A medida que los proyectos avanzan, el reto pasa a ser la escalabilidad: mantenerlos en el tiempo, sumar aliados y ampliar el impacto. Esto requiere una articulación constante con las comunidades, el fortalecimiento de capacidades locales y la creación de modelos replicables.

En el mediano plazo, ¿qué proyecciones tienen acerca del fortalecimiento de los programas con los que ya cuentan o su ampliación?

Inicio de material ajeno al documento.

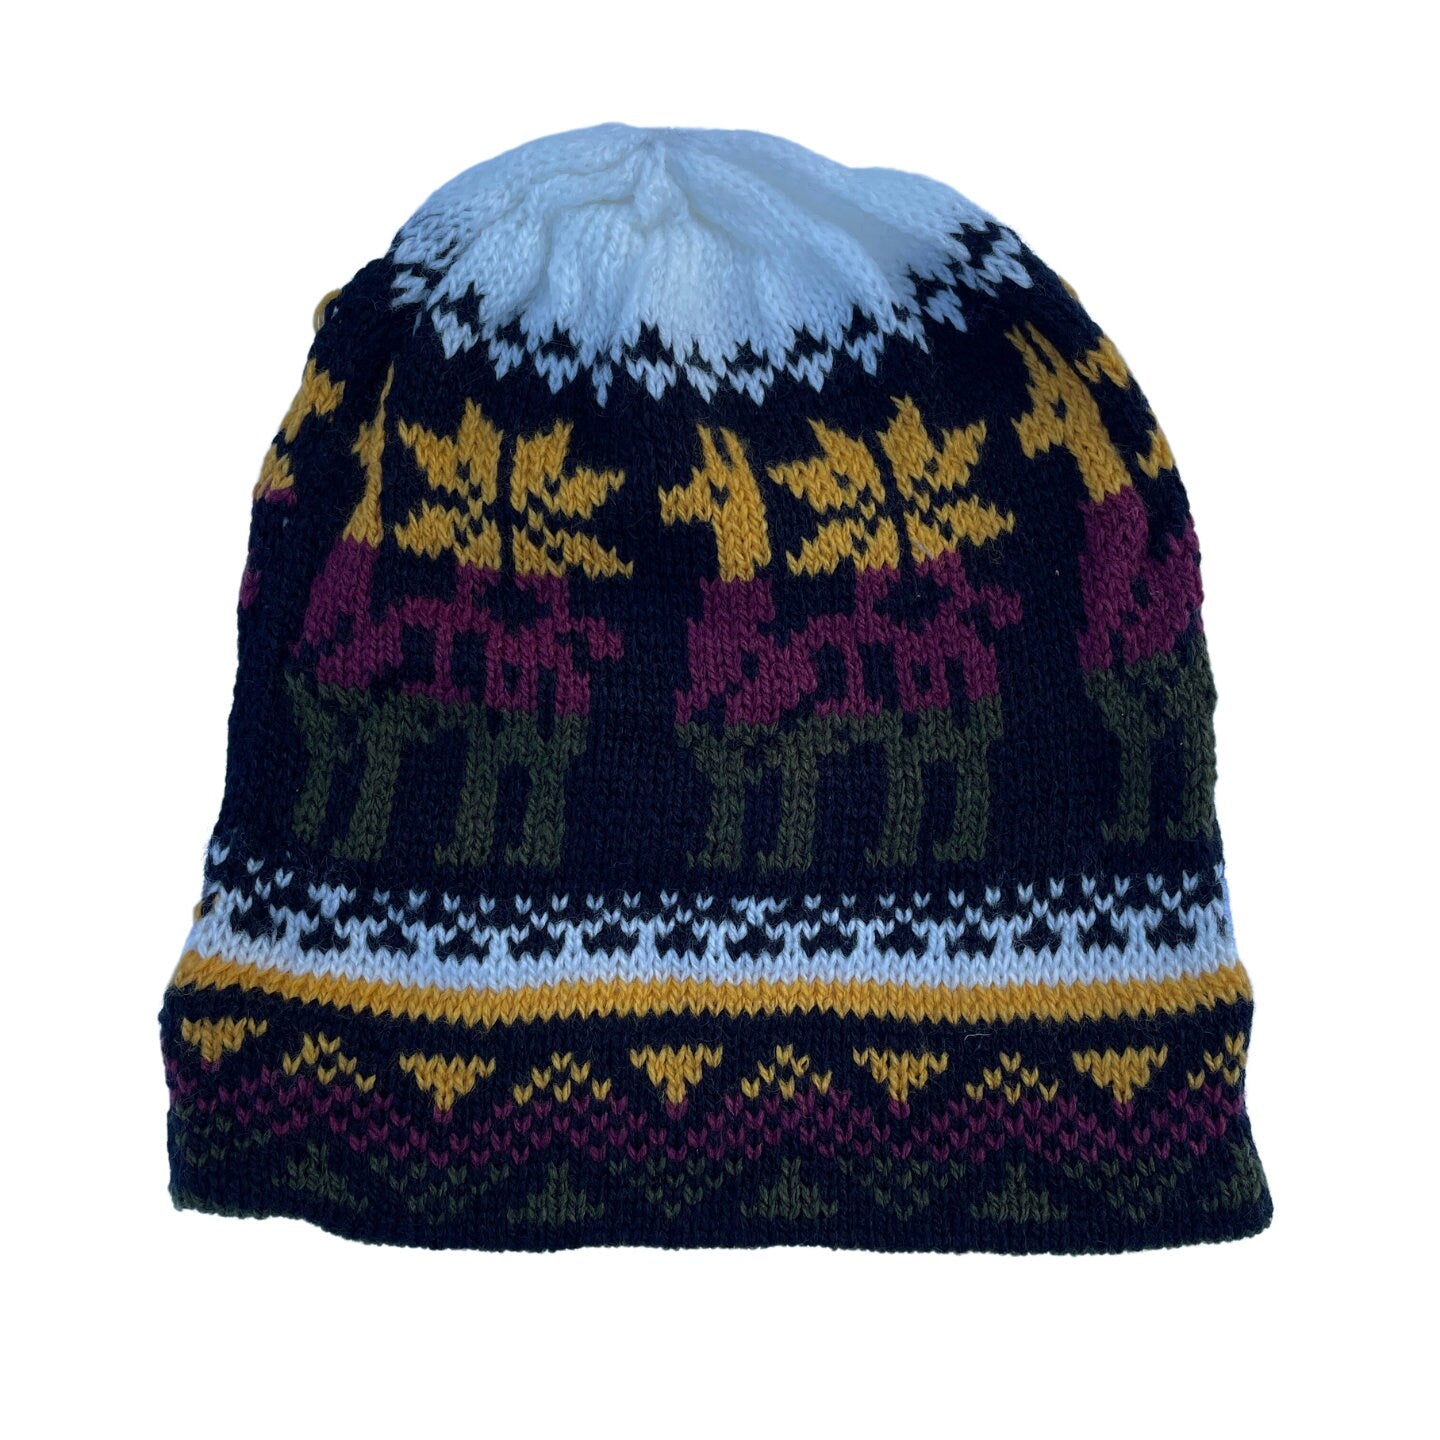 Knitted Alpaca Beanie Hat | Llama White Black Purple

Nuestros esfuerzos futuros incluyen, entre otros, iniciativas orientadas a seguir fortaleciendo nuestra gestión hídrica y la resiliencia frente al cambio climático, como el mantenimiento y escalamiento del proyecto Amunas, por su impacto ambiental y por su valor social y cultural. Estamos trabajando para sumar aliados y garantizar su sostenibilidad a largo plazo.
Además, la culminación de la obra de drenaje en Cusco, que contribuirá a proteger una fuente de agua clave para la ciudad. Finalmente, el fortalecimiento de los sistemas de reutilización de agua tratada, incluida la continuidad de donaciones para mejorar espacios verdes y la optimización de procesos internos en nuestras plantas.